The overarching goal of the project is to develop, test, and explore a novel platform based on a new class of ultracold molecules with unprecedentedly large polar interactions, one to two orders of magnitude larger than for existing ultracold molecular species. This platform will enable a unique series of experiments to study controlled collisions and novel phenomena at the transition from few- and many-body physics.
Molecules with electric dipole moments experience anisotropic long-range interactions and at ultracold temperatures, the quantum nature of these interactions enables applications in quantum chemistry, quantum simulation and quantum computation. The selection of molecules was so far limited to molecules that can be directly laser-cooled or that are composed from ultracold alkali atoms. By contrast, UltraMeDiQs will use optical tweezer arrays as a versatile approach to associate individual ultracold silver (Ag) and cesium (Cs) atoms to molecules. CsAg features an almost ionic bond and therefore a remarkably large electric dipole moment — large enough to create for the first time ultracold molecular ensembles deep in the strongly interacting regime.
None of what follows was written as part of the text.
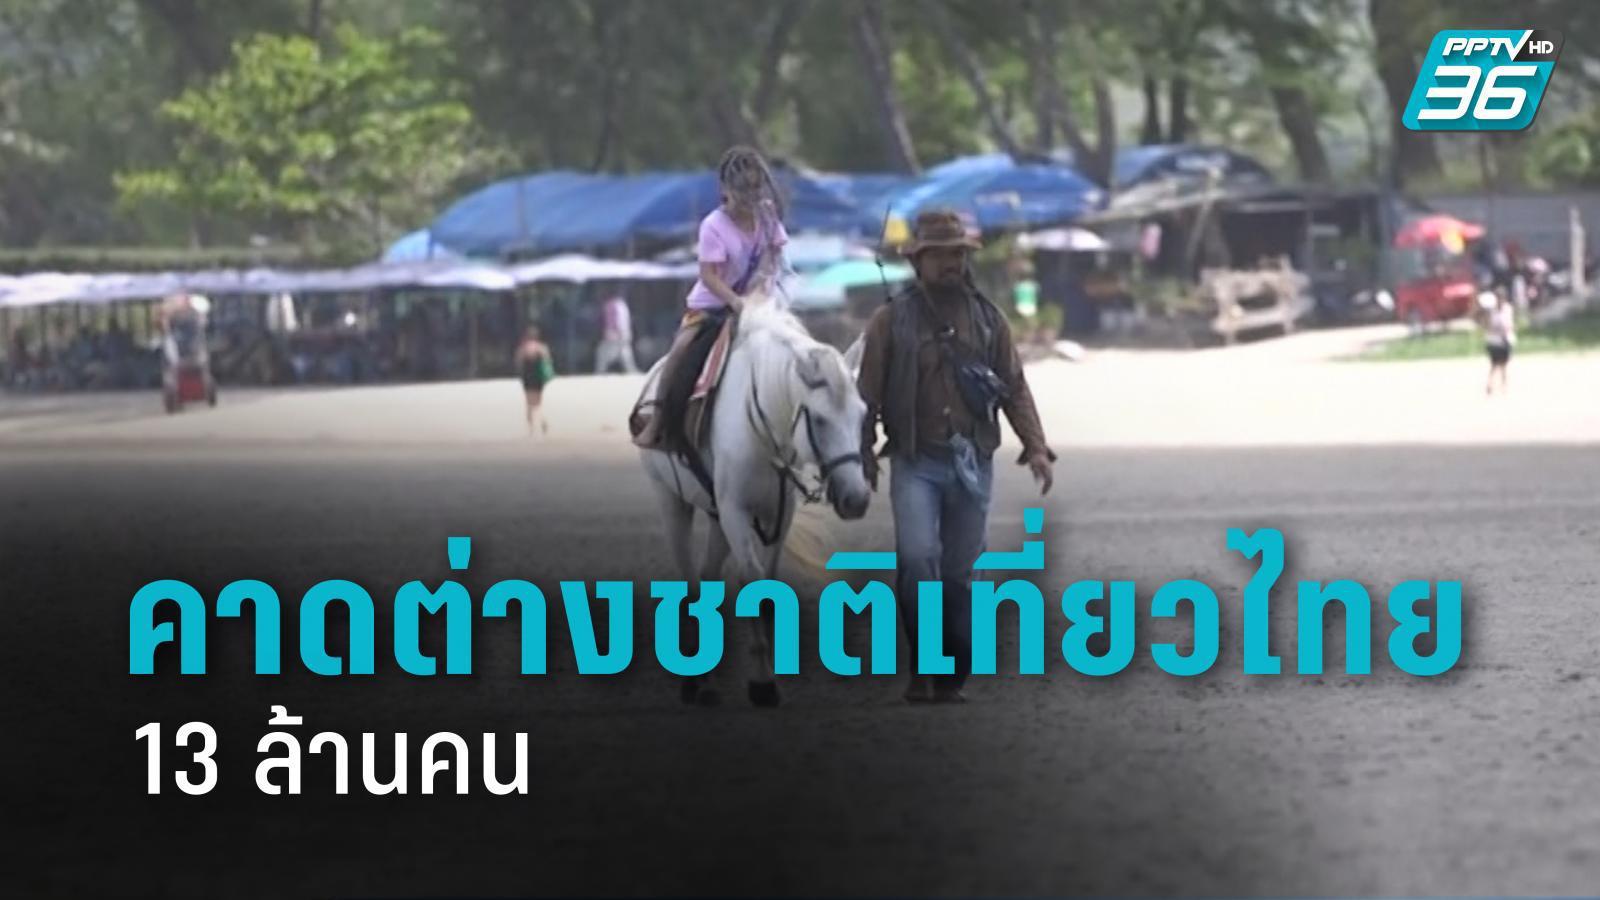 ททท.คงคาดการณ์ต่างชาติเที่ยวไทย 13 ล้านคน

The high dipole moment of CsAg makes it also an ideal candidate to investigate so-called field-linked molecules with lifetimes exceeding 10 s. This in turn will enable the deterministic study of (in)elastic collisions involving these states, the formation of weakly bound metal cluster states, and the potential expansion of these clusters to many-body states. UltraMeDiQs will investigate few- and many-body mesoscopic quantum systems with large dipolar interactions using CsAg as constituents in optical tweezer arrays and optical lattices. The flexibility of the platform and tunability of the dipole interaction will, for instance, enable the simulation of topological optical phonons in a wide range of lattice configurations and the formation of dipolar quantum Wigner crystals.